【Docker】使用 OverlayFS 存储驱动

参考教程：https://docs.docker.com/storage/storagedriver/overlayfs-driver/
以下内容来自官方文档翻译

环境

1. virtual box 6.1
2. centos 7.8
3. docker 19.03

OverlayFS is a modern union filesystem that is similar to AUFS, but faster and with a simpler implementation. Docker provides two storage drivers for OverlayFS: the original overlay, and the newer and more stable overlay2.

OverlayFS 是一种现代的联合文件系统，与 AUFS 类似，但是速度更快且实现更简单。Docker 为 OverlayFS 提供了两个存储驱动程序：原始的 overlay 和更新且更稳定的 overlay2。

This topic refers to the Linux kernel driver as OverlayFS and to the Docker storage driver as overlay or overlay2.

本主题将 Linux 内核驱动程序称为 OverlayFS，并将 Docker 存储驱动程序称为 overlay 或 overlay2。

Note: If you use OverlayFS, use the overlay2 driver rather than the overlay driver, because it is more efficient in terms of inode utilization. To use the new driver, you need version 4.0 or higher of the Linux kernel, or RHEL or CentOS using version 3.10.0-514 and above.

注意：如果使用 OverlayFS，请使用 overlay2 驱动程序而不是 overlay 驱动程序，因为它在 inode 利用率方面更为有效。要使用新的驱动程序，您需要 Linux 内核的版本 4.0 或更高版本，或者使用 3.10.0-514 及更高版本的 RHEL 或 CentOS。

前置条件

OverlayFS is the recommended storage driver, and supported if you meet the following prerequisites:

OverlayFS 是推荐的存储驱动程序，如果满足以下先决条件，则受支持：

• Version 4.0 or higher of the Linux kernel, or RHEL or CentOS using version 3.10.0-514 of the kernel or higher. If you use an older kernel, you need to use the overlay driver, which is not recommended.

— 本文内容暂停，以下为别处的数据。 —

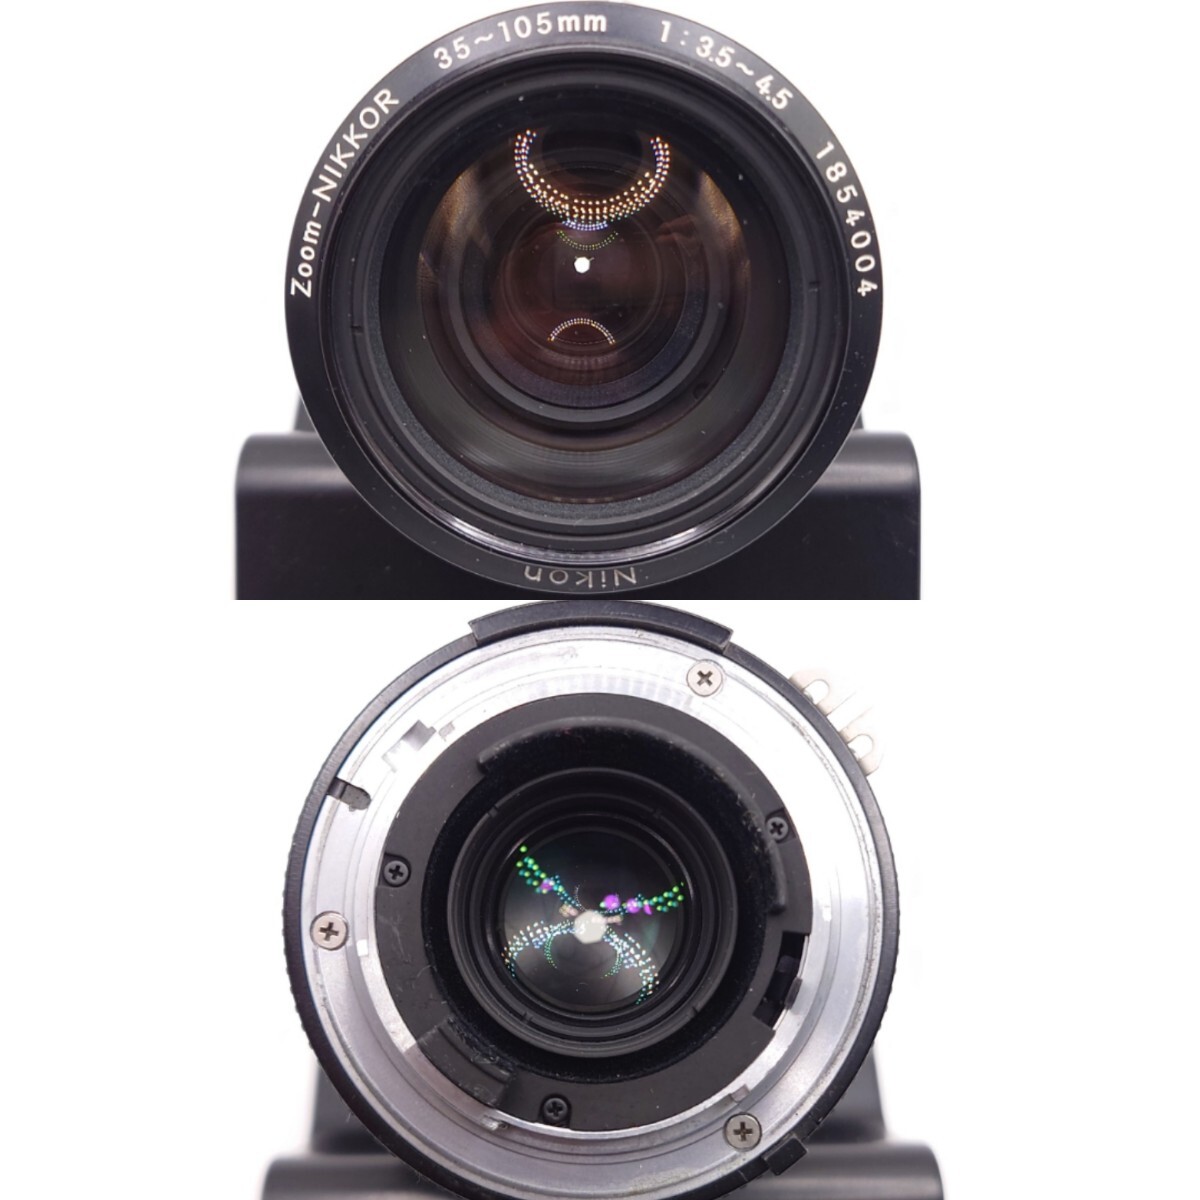 【R1-428】 Nikon F2 フォトミック シルバー ボディ フィルム 一眼レフ カメラZOOM NIKKOR 35-105mm 1:3.5-4.5 シャッター動作OK_画像7

• Linux 内核的版本 4.0 或更高版本，或使用内核的版本 3.10.0-514 或更高版本的 RHEL 或 CentOS。如果您使用较旧的内核，则需要使用 overlay 驱动程序，不建议这样做。

• The overlay and overlay2 drivers are supported on xfs backing filesystems, but only with d_type=true enabled.

• xfs 支持文件系统支持 overlay 和 overlay2 驱动程序，但仅在启用了d_type = true 的情况下。

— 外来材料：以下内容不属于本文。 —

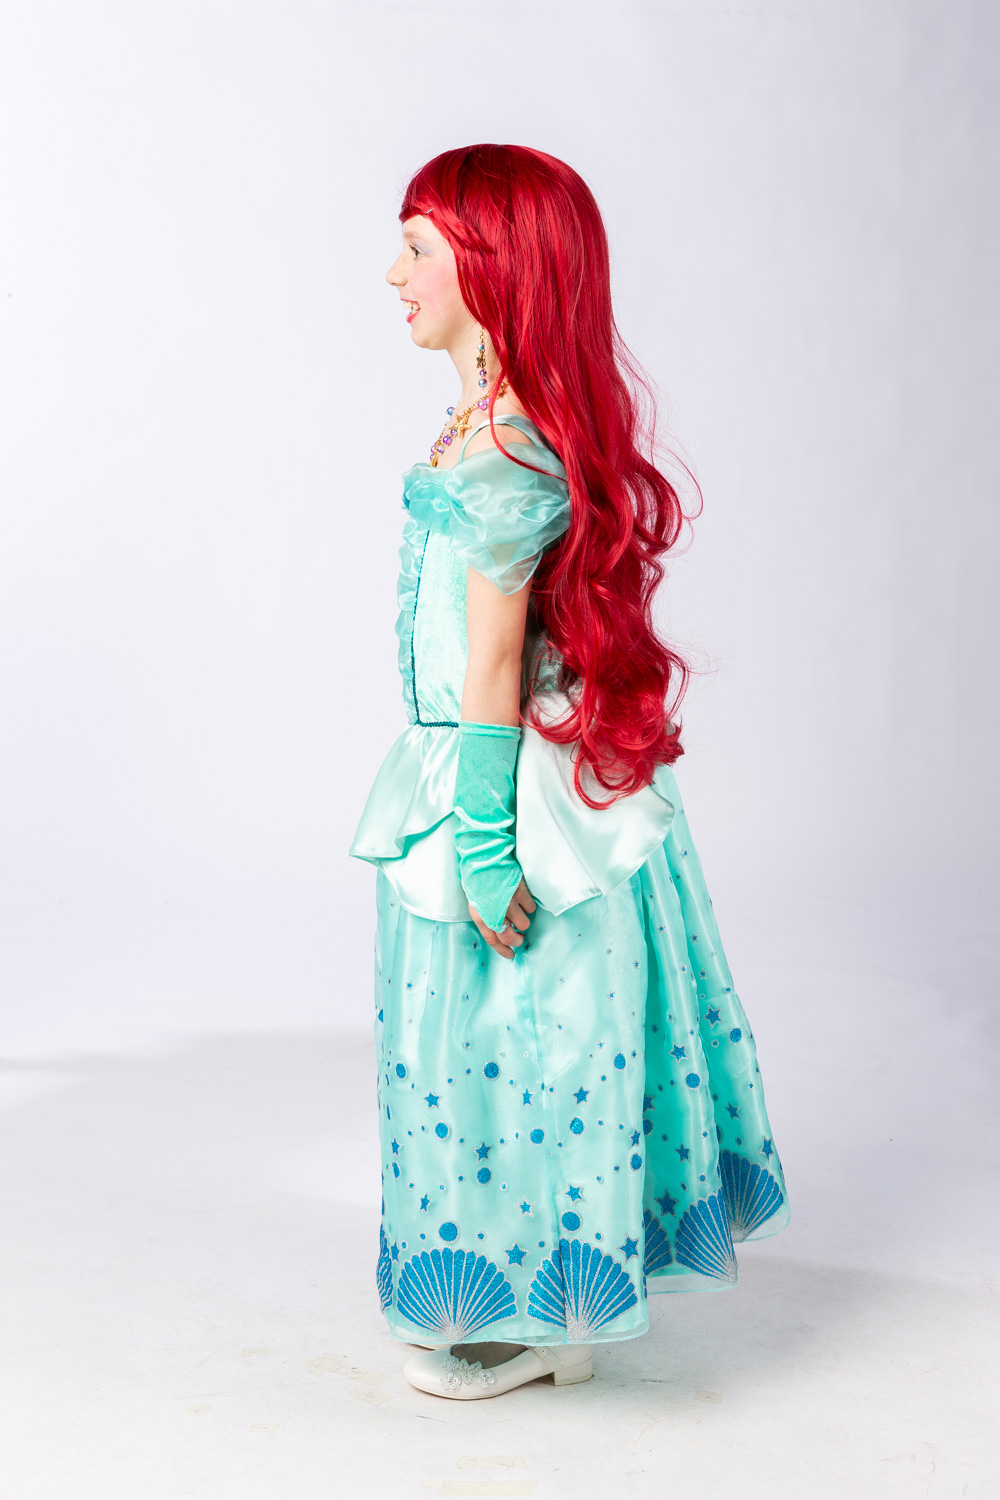 Mermaid princess costume

  Use xfs_info to verify that the ftype option is set to 1. To format an xfs filesystem correctly, use the flag -n ftype=1.

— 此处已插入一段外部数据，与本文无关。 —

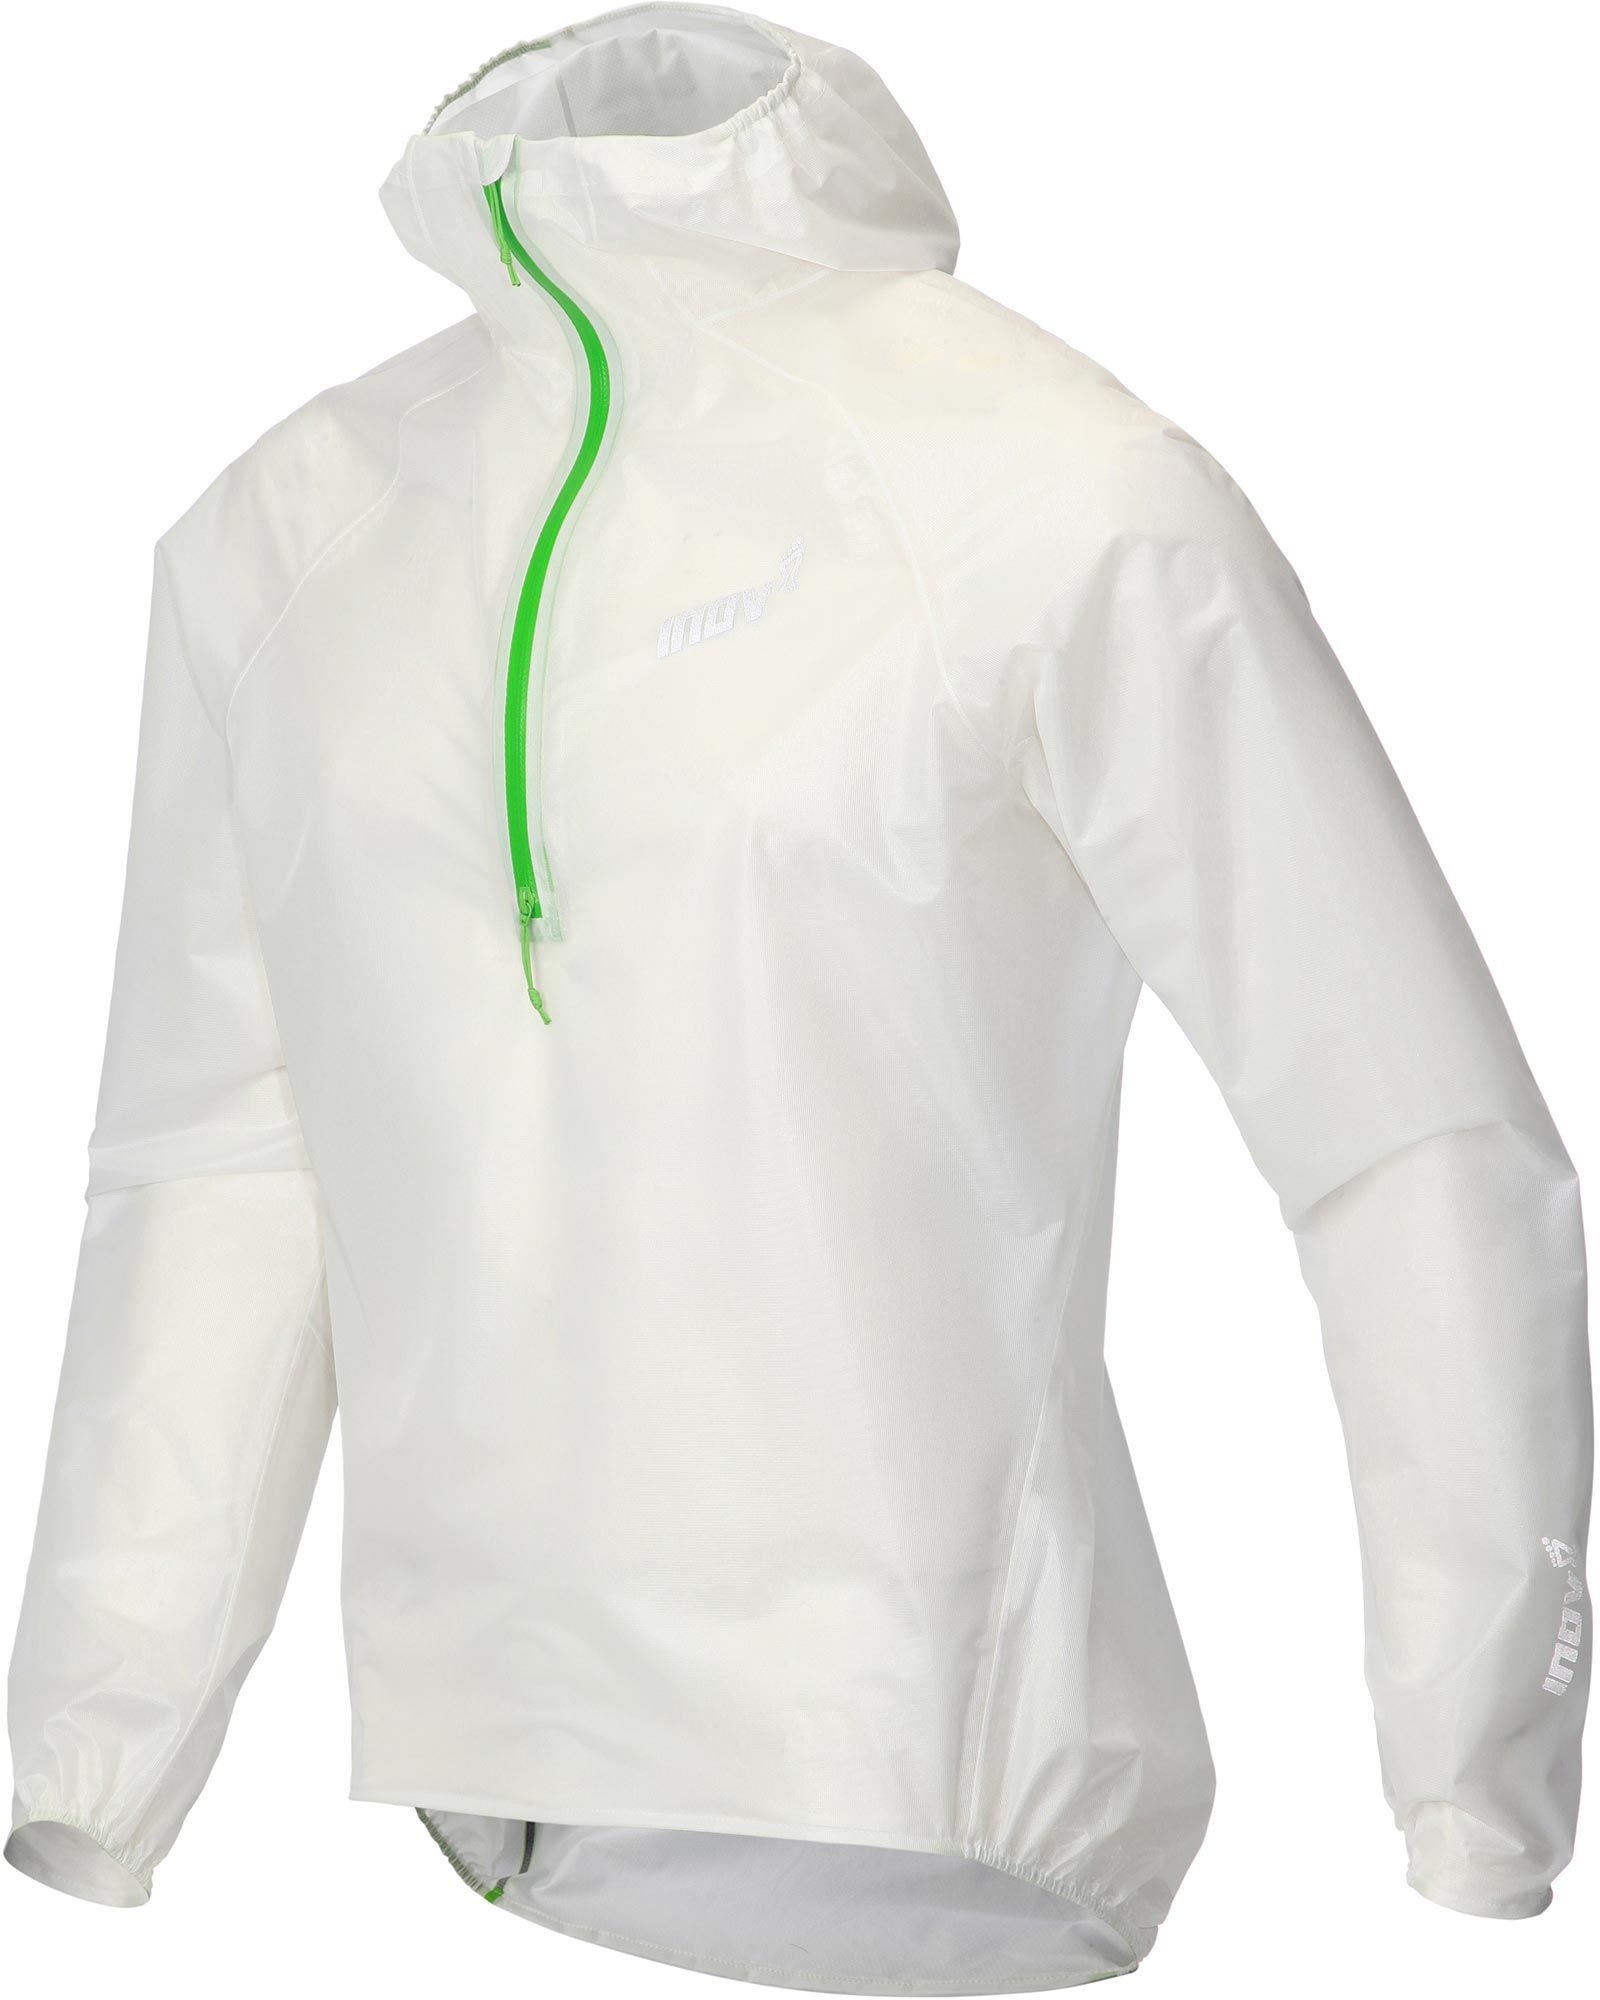 Inov8 Ultrashell Half Zip Jacket - Waterproof, Lightweight & Durable

  使用xfs_info来验证ftype选项是否设置为1。要正确格式化 xfs 文件系统，请使用标志 -n ftype = 1。

Warning: Running on XFS without d_type support now causes Docker to skip the attempt to use the overlay or overlay2 driver. Existing installs will continue to run, but produce an error. This is to allow users to migrate their data. In a future version, this will be a fatal error, which will prevent Docker from starting.

警告：在不支持 d_type 的 XFS 上运行现在会导致 Docker 跳过使用 overlay 或 overlay2 驱动程序的尝试。现有安装将继续运行，但会提示错误，这是为了允许用户迁移其数据。在将来的版本中，这将是一个致命错误，它将阻止Docker启动。

• Changing the storage driver makes existing containers and images inaccessible on the local system. Use docker save to save any images you have built or push them to Docker Hub or a private registry before changing the storage driver, so that you do not need to re-create them later.

• 更改存储驱动程序将使现有容器和映像在本地系统上不可访问。使用 docker save 保存您已构建的任何映像，或在更改存储驱动程序之前将其推送到 Docker Hub 或私有注册表，这样您以后就无需重新创建它们。

overlay2 驱动怎样工作

If you are still using the overlay driver rather than overlay2, see How the overlay driver works instead.

如果您仍在使用 overlay 驱动程序而不是 overlay2，请参阅 overlay 驱动程序的工作原理。

OverlayFS layers two directories on a single Linux host and presents them as a single directory. These directories are called layers and the unification process is referred to as a union mount. OverlayFS refers to the lower directory as lowerdir and the upper directory a upperdir. The unified view is exposed through its own directory called merged.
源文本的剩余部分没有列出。